#### WORK TO BE COMPLETED:
One exact copy of the listing is needed. It should contain no pictures.

#### DATA EXTRACT:
/---

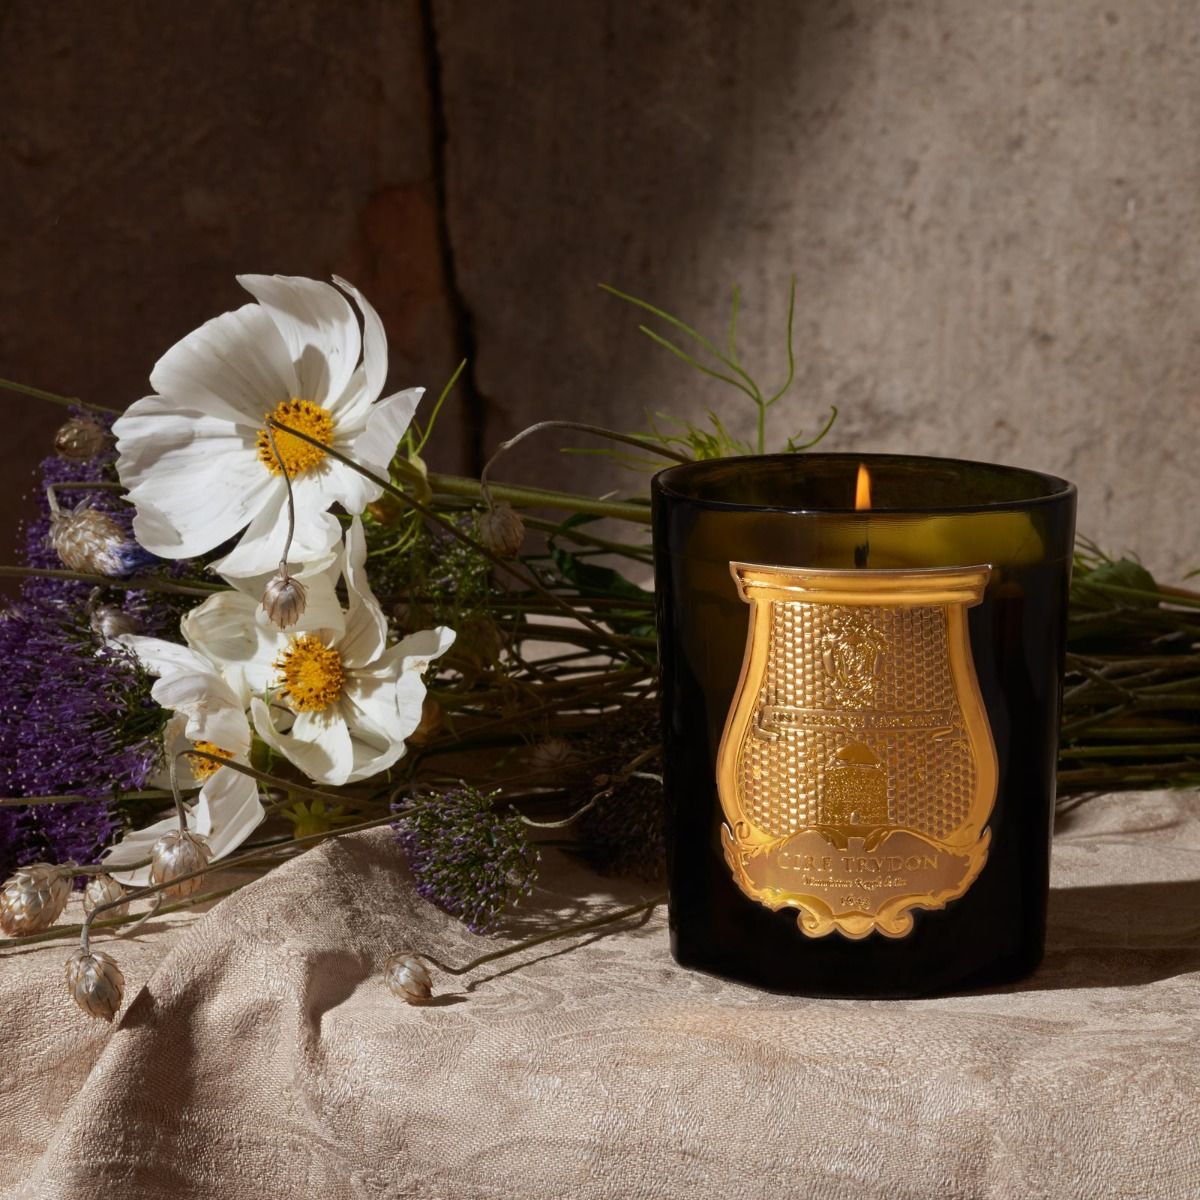 Trudon - Abd el Kader (Moroccan Mint Tea) Candle
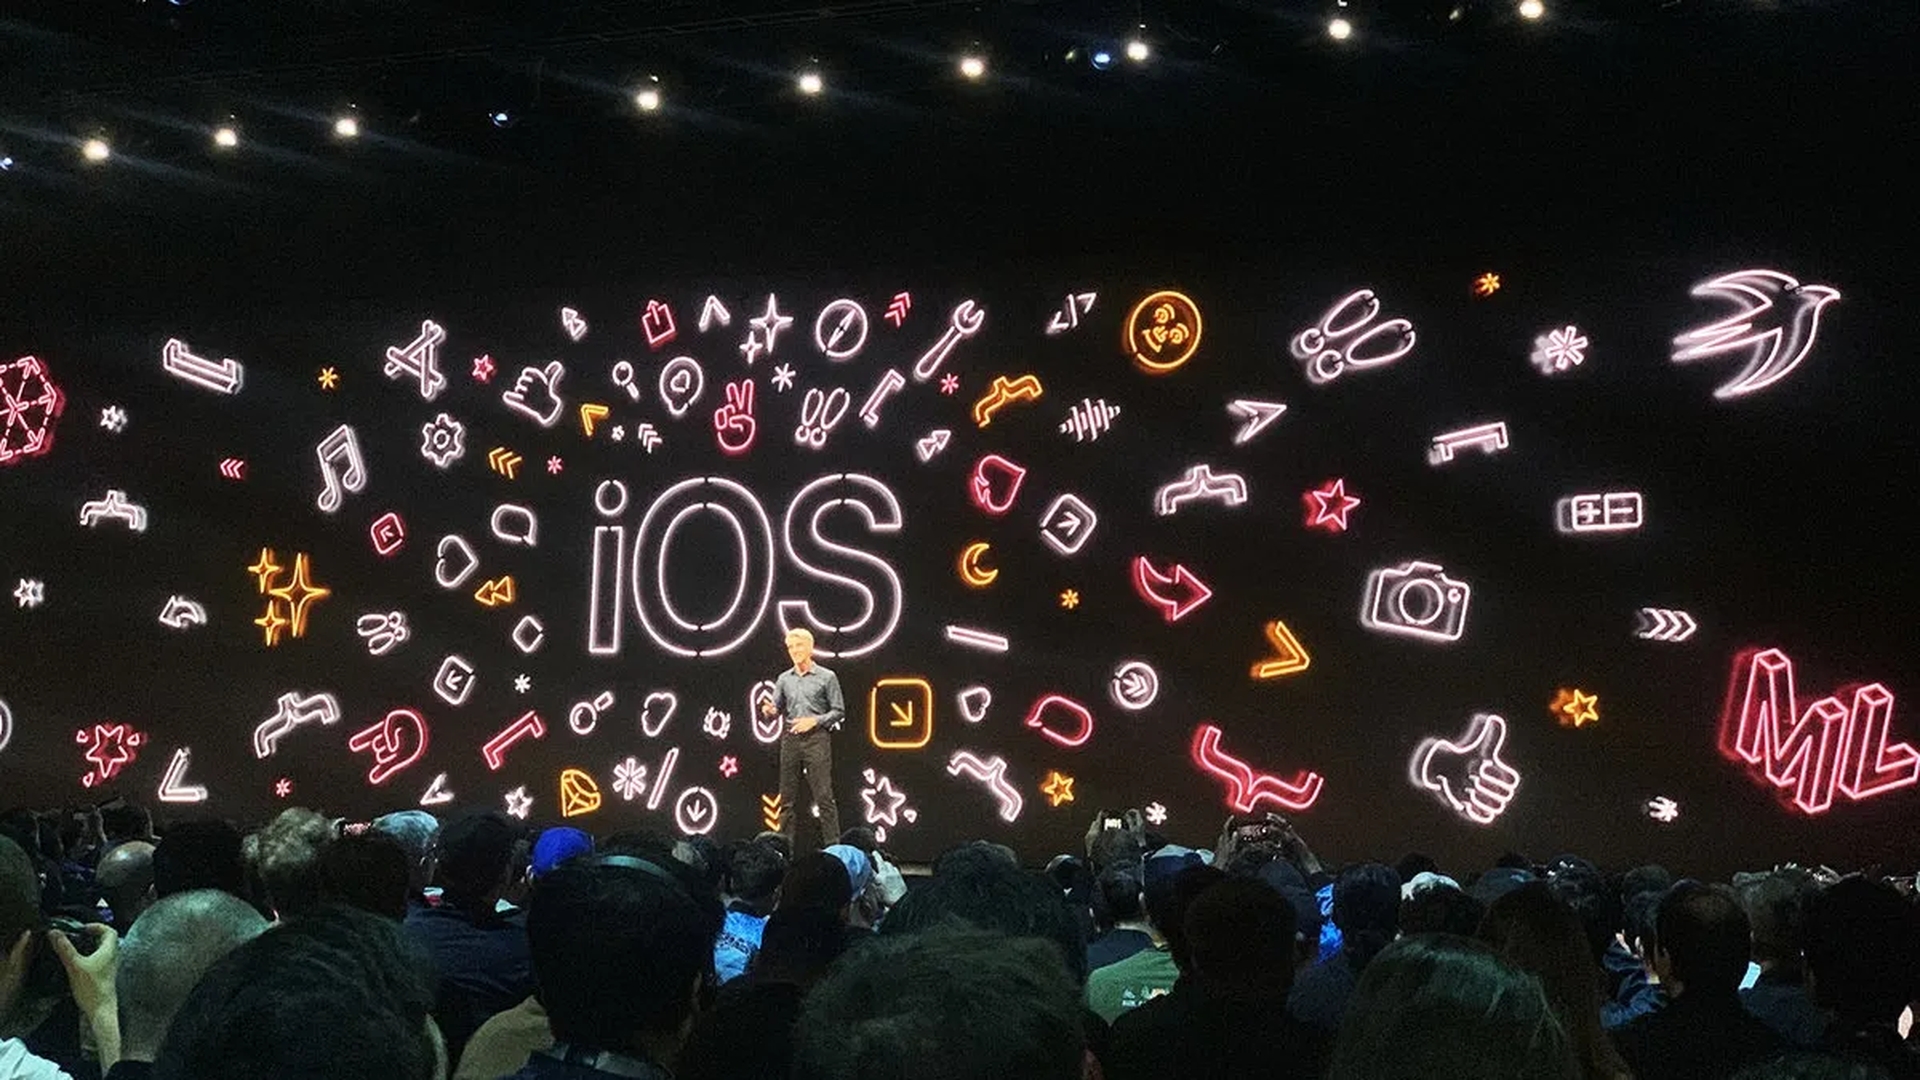 Heute werden wir darüber berichten, wann die Keynote der WWDC 2022 ist und wie man sie sich ansieht, damit Sie das jährliche Ereignis nicht verpassen, bei dem Apple neue Funktionen für seine Geräte vorstellt.
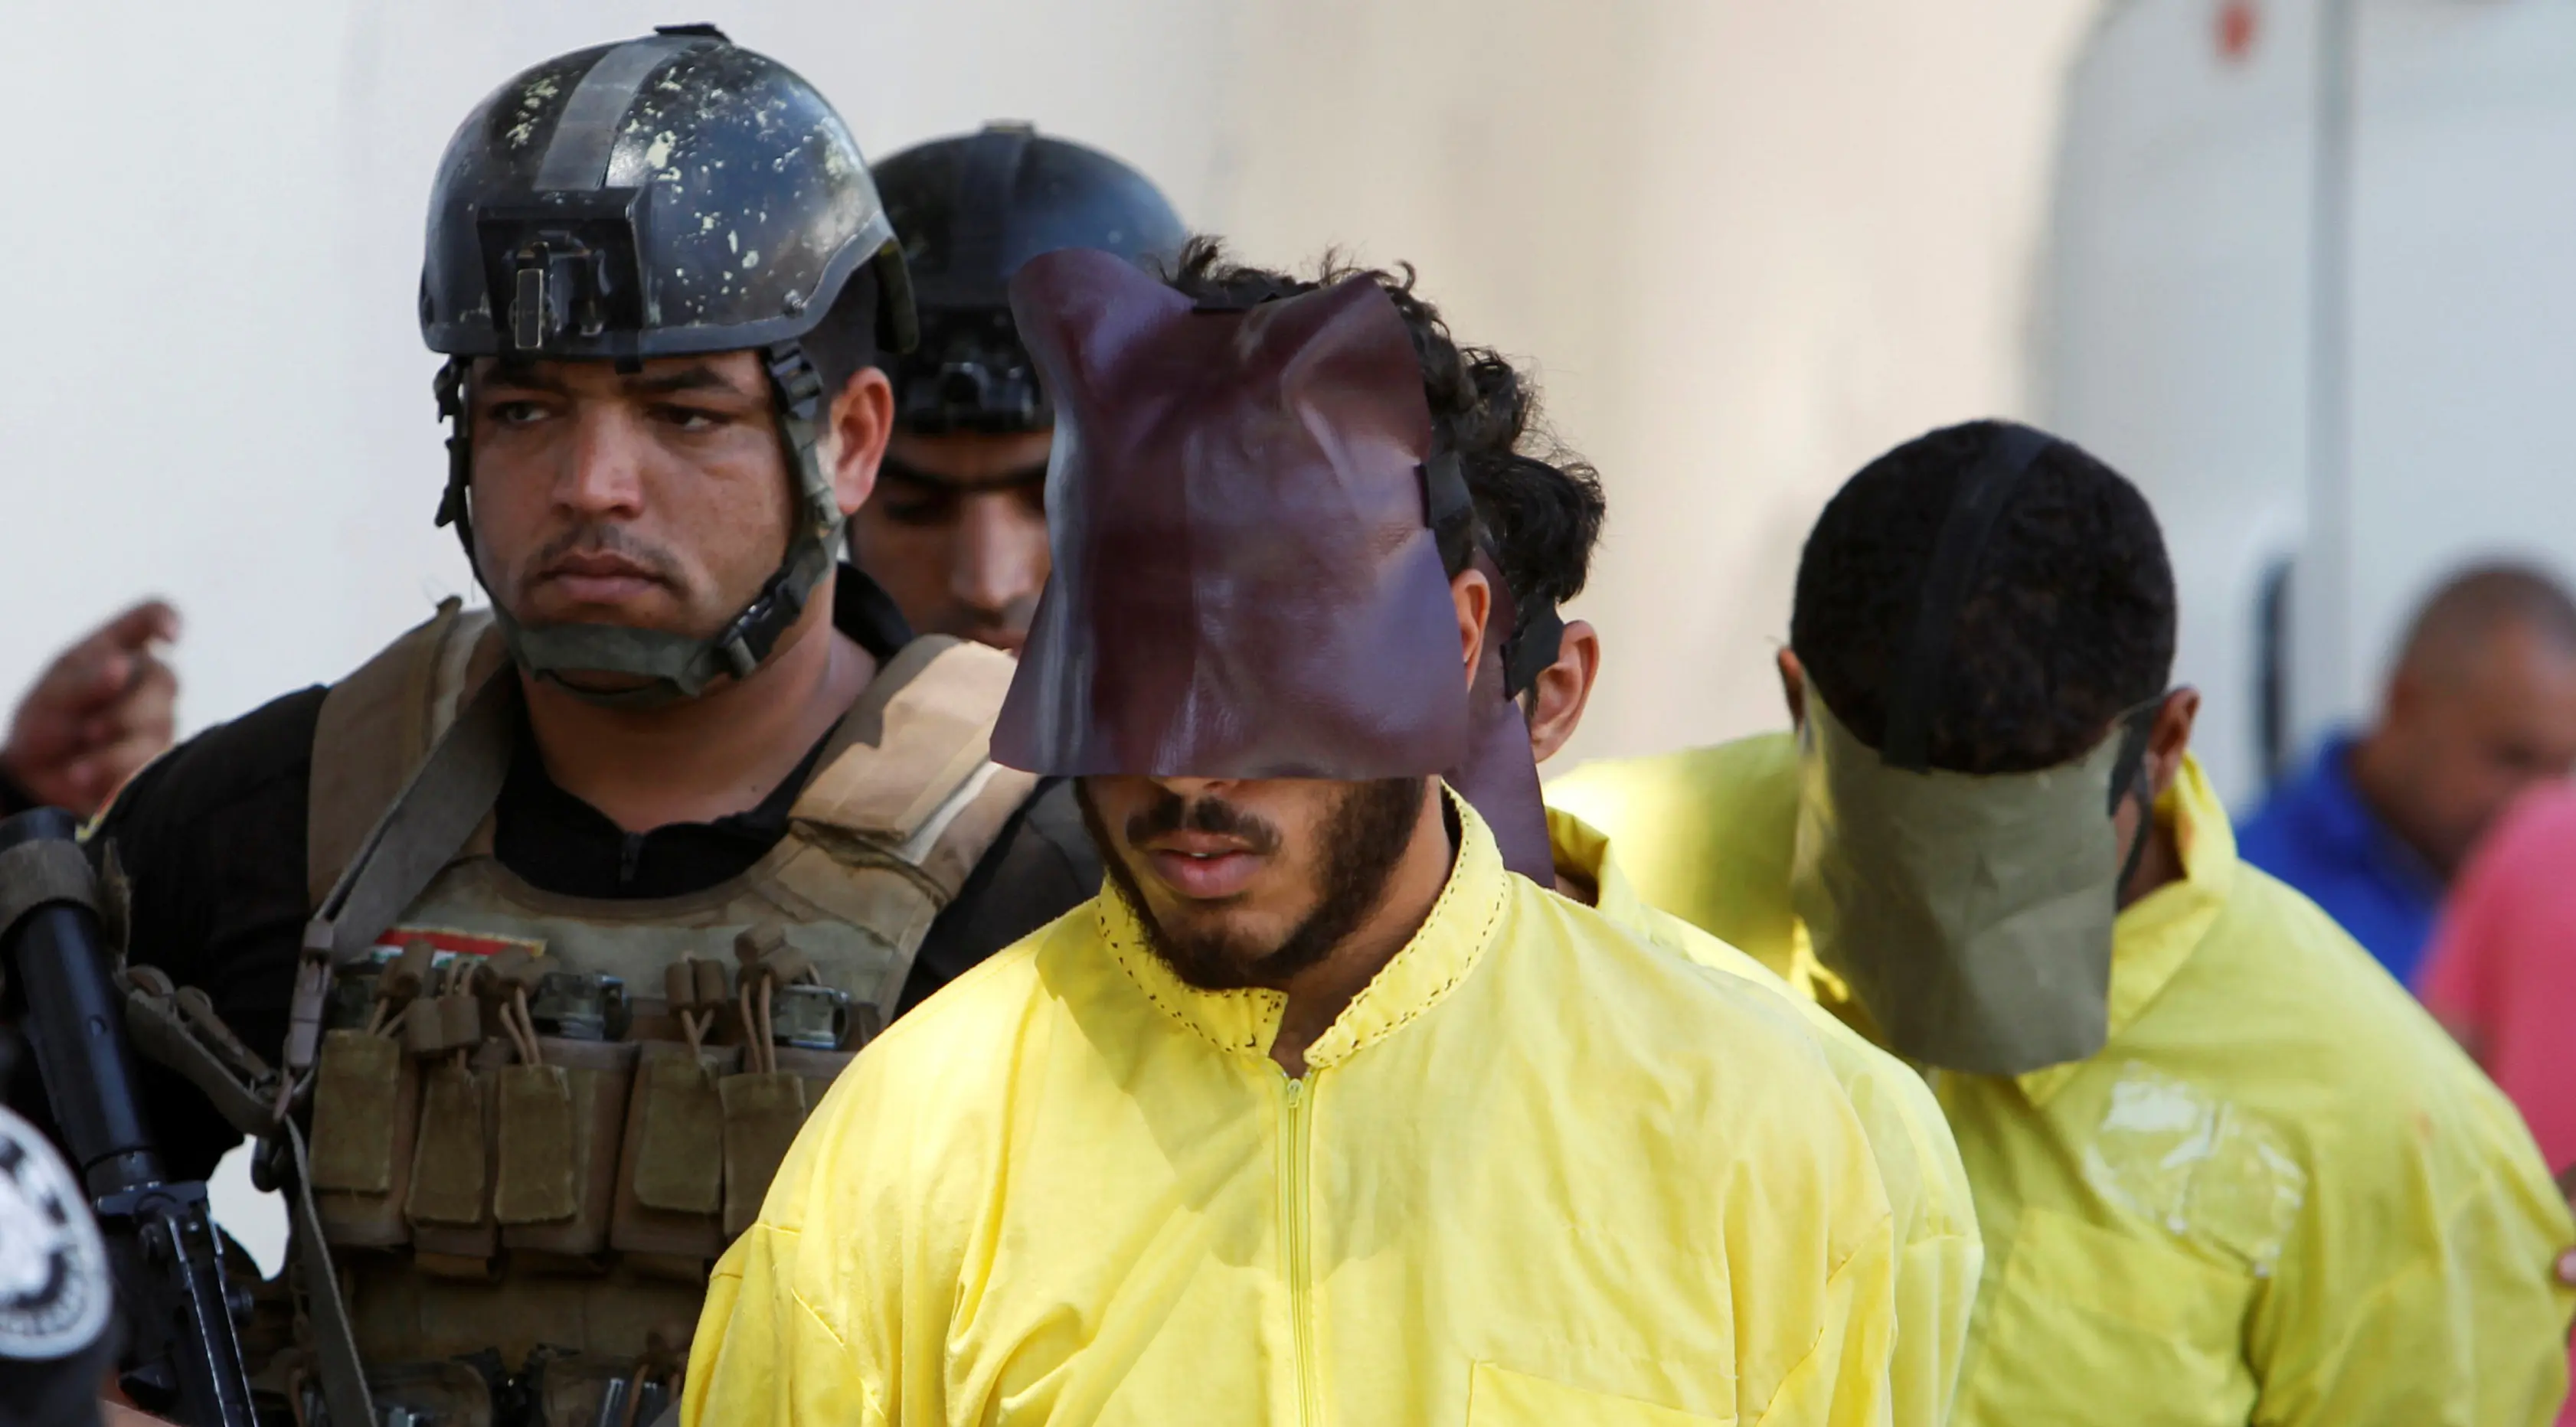 Militer Irak mengawal sejumlah pria yang diduga militan ISIS saat akan konferensi pers di Baghdad, Irak (7/9). Militer Irak menangkap beberapa militan ISIS usai kembali merebut wilayah yang dikuasai. (REUTERS/Khalid al Mousily)

\---

#### RESPONSE TO THIS TASK:
 Trudon - Abd el Kader (Moroccan Mint Tea) Candle
 Heute werden wir darüber berichten, wann die Keynote der WWDC 2022 ist und wie man sie sich ansieht, damit Sie das jährliche Ereignis nicht verpassen, bei dem Apple neue Funktionen für seine Geräte vorstellt.
 Militer Irak mengawal sejumlah pria yang diduga militan ISIS saat akan konferensi pers di Baghdad, Irak (7/9). Militer Irak menangkap beberapa militan ISIS usai kembali merebut wilayah yang dikuasai. (REUTERS/Khalid al Mousily)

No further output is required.